I get at least half price for memory with the fingers cut off,just to let you know not to toss them or throw them in with the motherboards and cards.Last time I got $4. lb for the trimmed memory.

Jim


----------



## nickvc (Dec 25, 2010)

Well I'm looking forward to seeing the button, and getting your son involved is a smart move hopefully he will get the bug and learn with you,just make sure you don't let him put himself in danger with the chemicals.


----------



## goldenchild (Dec 25, 2010)

glondor said:


> We cut 4177 grams of nice close cut fingers. 9.2 lbs. Hopeing for an oz troy. Is it doable? What you think?



I'd say 20 to 25 grams.


----------



## gold4mike (Dec 29, 2010)

I agree with Goldenchild's estimate. I got just shy of 1 ozT from roughly 10 pounds of fingers from various sources. 

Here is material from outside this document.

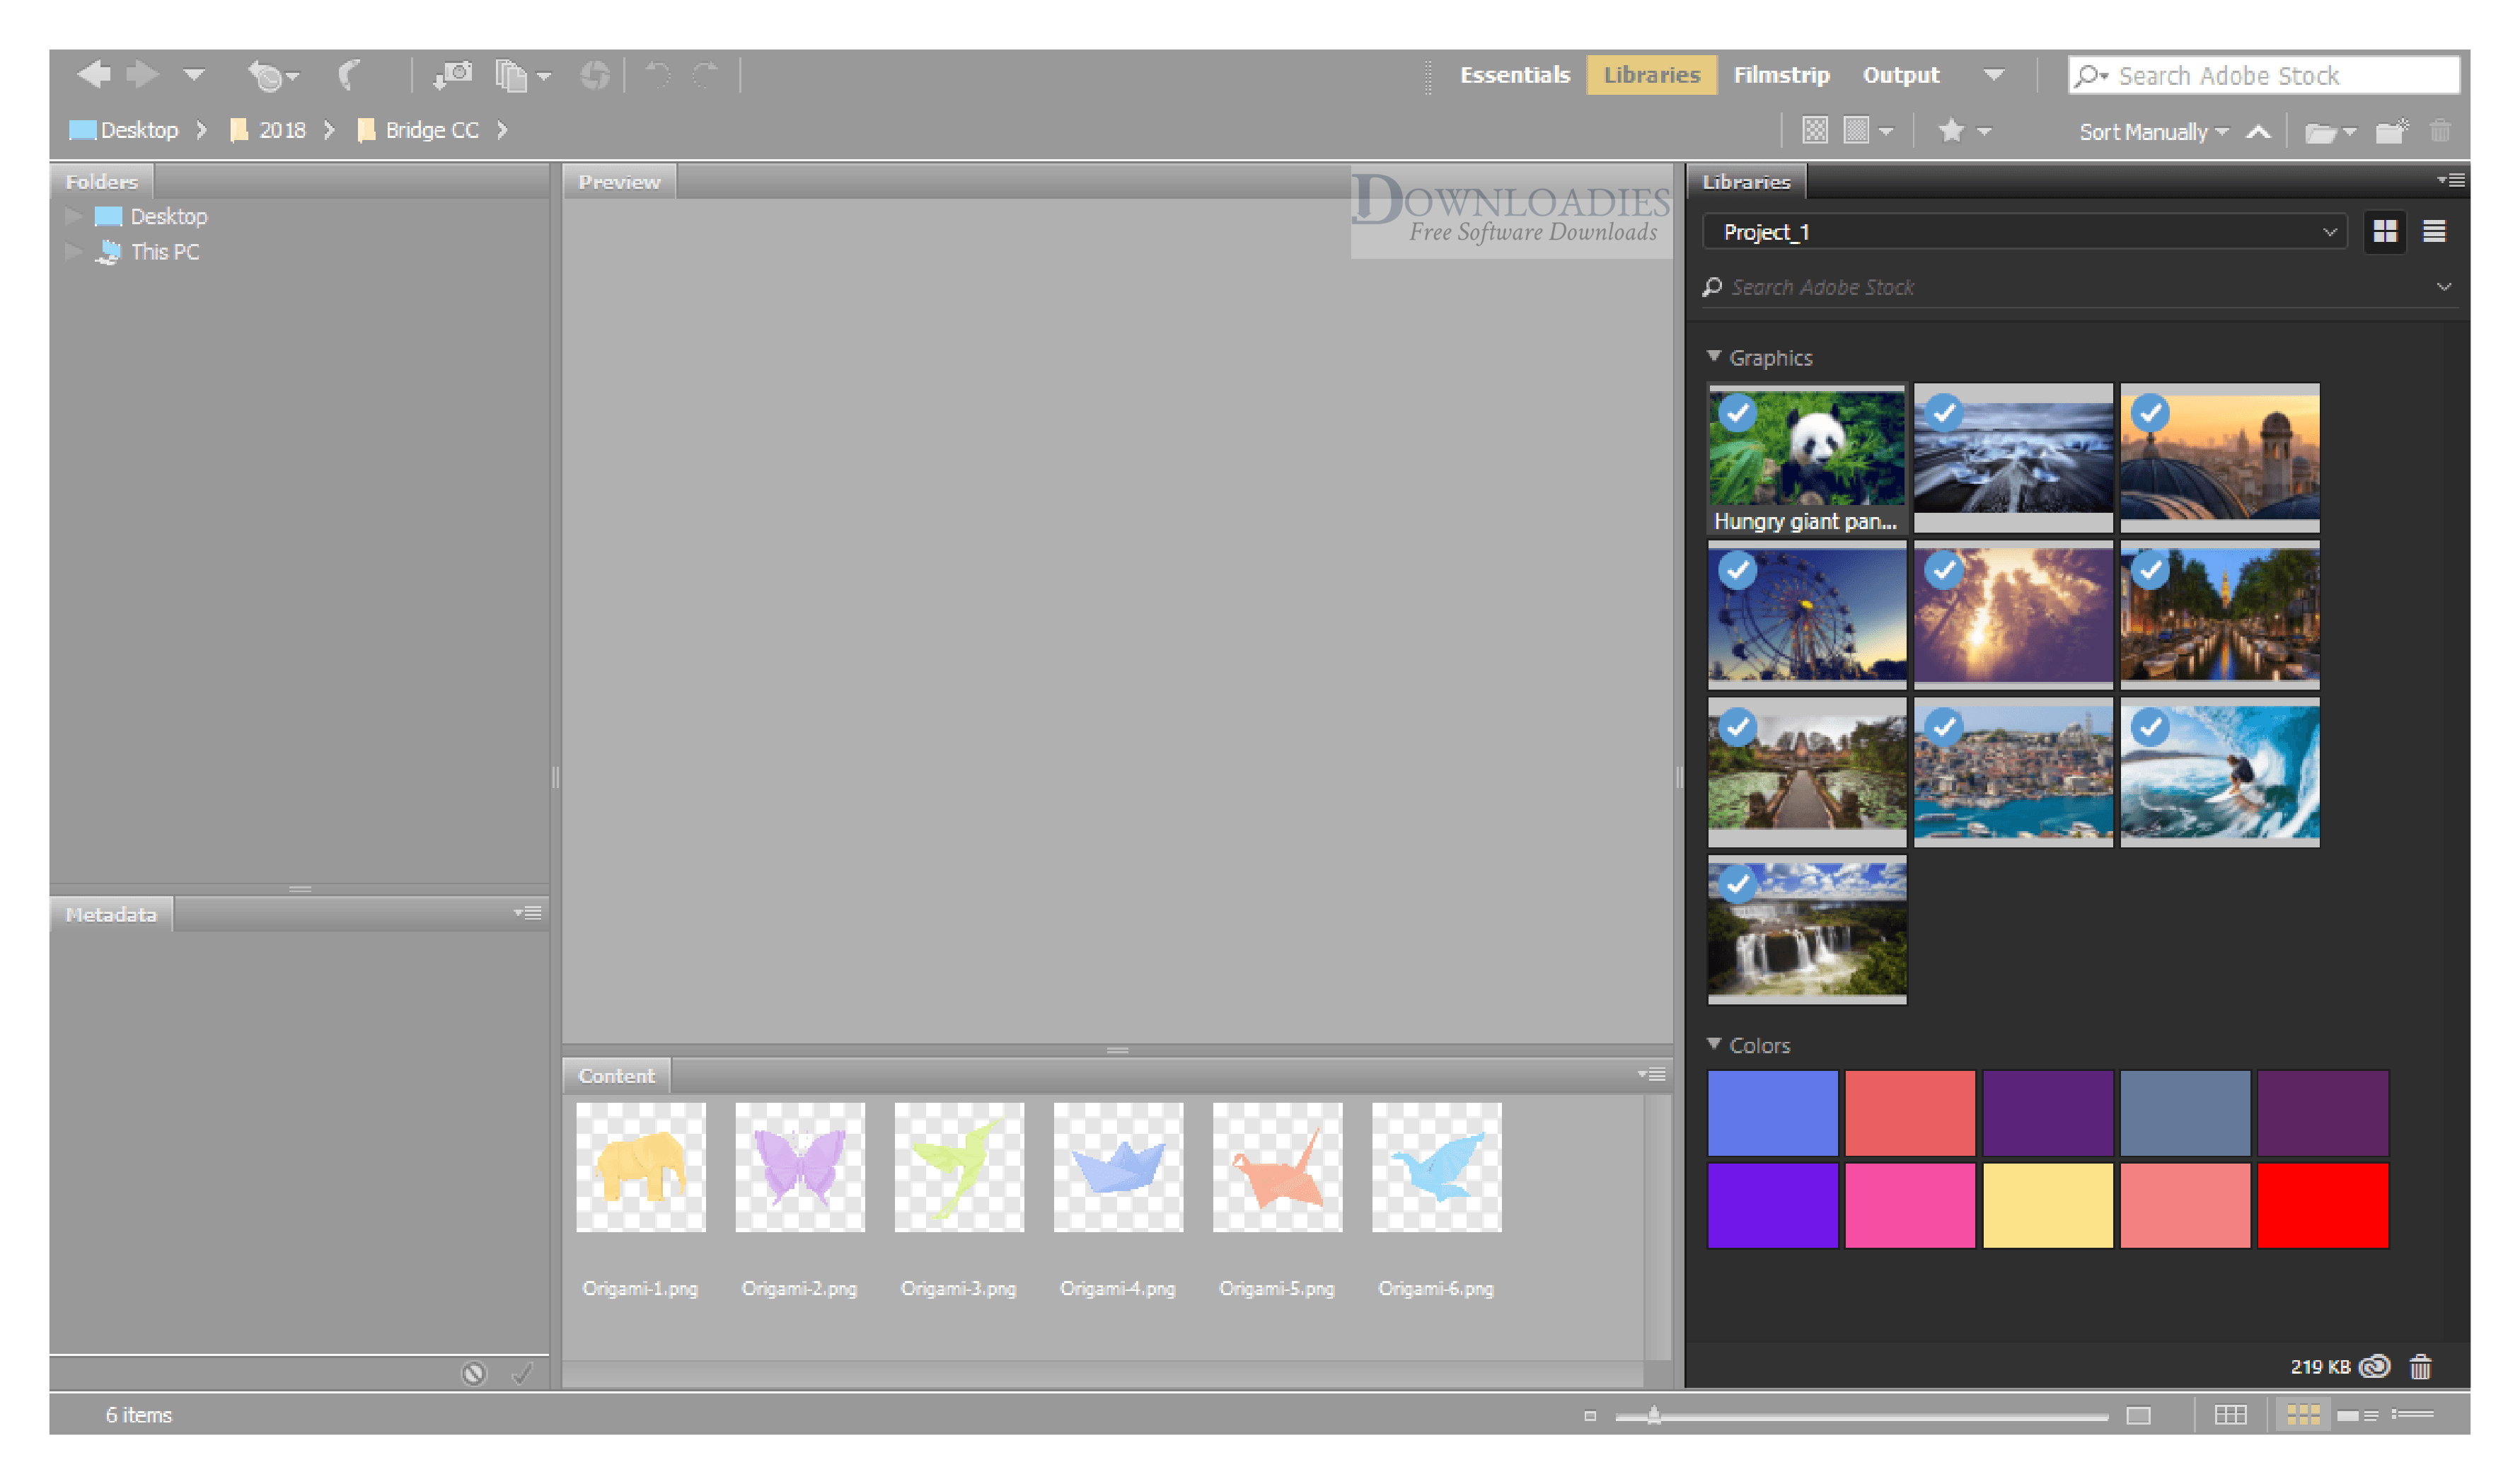 Adobe Bridge CC 2019 v9.1 for Mac Free Download free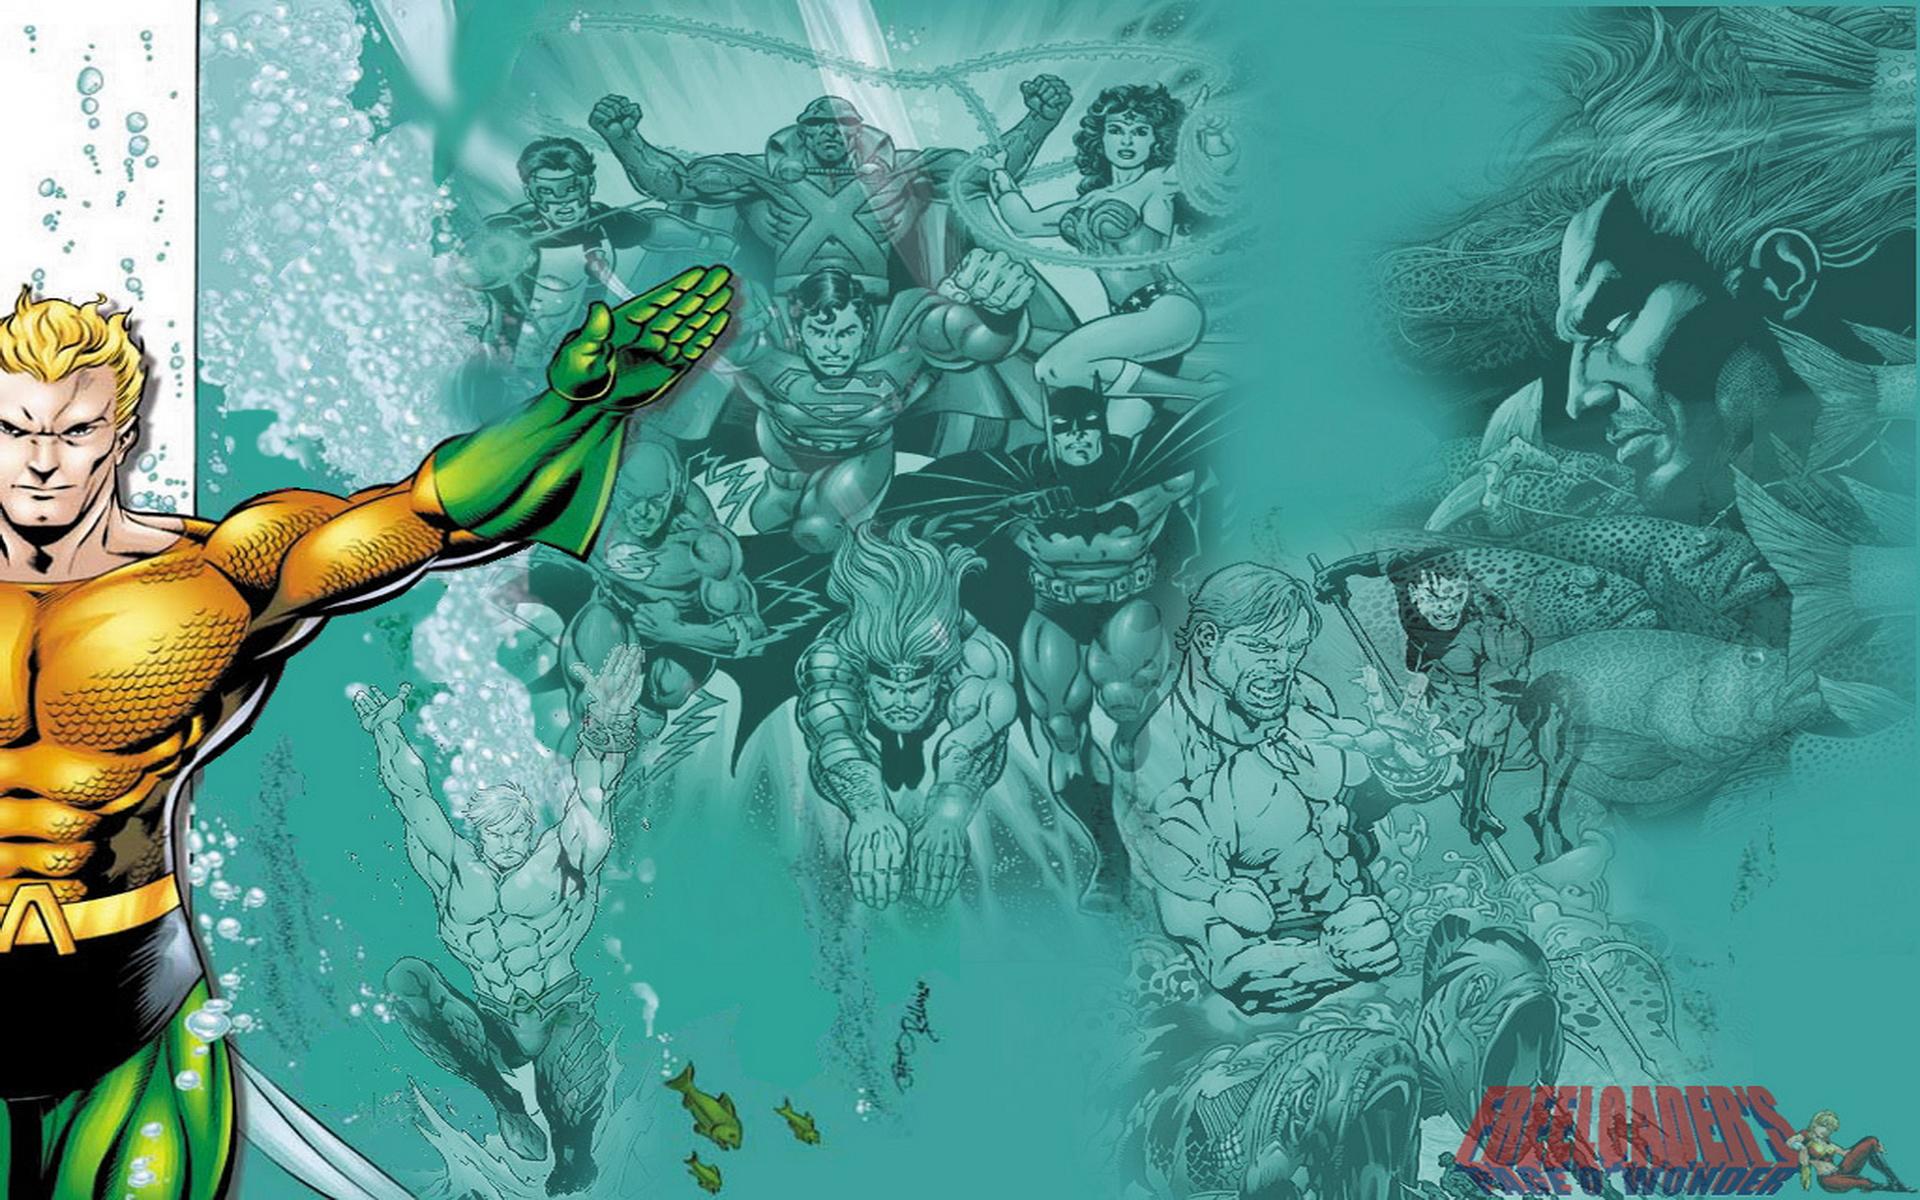 Wallpaper DC Comics Wallpaper Picture Desktop Wallpaper Background 1920x1200

As for your though of using a bandsaw - I started with that method and switched shortly to a shear that looks exactly like yours. I found that I was going through bandsaw blades fairly quickly. I spend more on blades in a month than I paid for the shear and it's still cutting like it was new.

FWIW! (or, as Harold says: YMMV)


----------



## glondor (Dec 29, 2010)

Thanks for the feedback guys. Processing got put on hold as life got in the way. soon tho!


----------



## resabed01 (Dec 29, 2010)

I've bought the shear too and it's awesome for seperating fingers from the board. I was using tin snips before and found they were a pain. The shear is so fast and easy. I use my shear for other things too like cracking open things that I suspect have PMs inside. Be very careful with it though, it would show no mercy to flesh or bone.


----------



## oldgeek (Dec 29, 2010)

I use a cheap, 4" wet tile saw to trim gold fingers off. You can stack 8 or more memory sticks of the same dimensions, set the rip fence, and send them through at the same time.The diamond blade is pretty quick, and the water eliminates the dust. I wear disposable gloves to protect my hands from the water. The trimmed fingers pile up and go into a bucket of water for a rinse. IMHO it is very fast, and cheap to go this route.


----------



## glorycloud (Dec 29, 2010)

I'm going to guess 20 - 22 grams of gold on your first try at refining
on your 9 pounds of fingers.

However, some memory that works (even 256M) has more value
than scrap value if tested. If it was all bad or in unknown condition
you might consider selling it on ebay with the gold fingers. They
seem to go at a premium there and it saves the hours of labor
and lower back pain. Just a thought. 8)


----------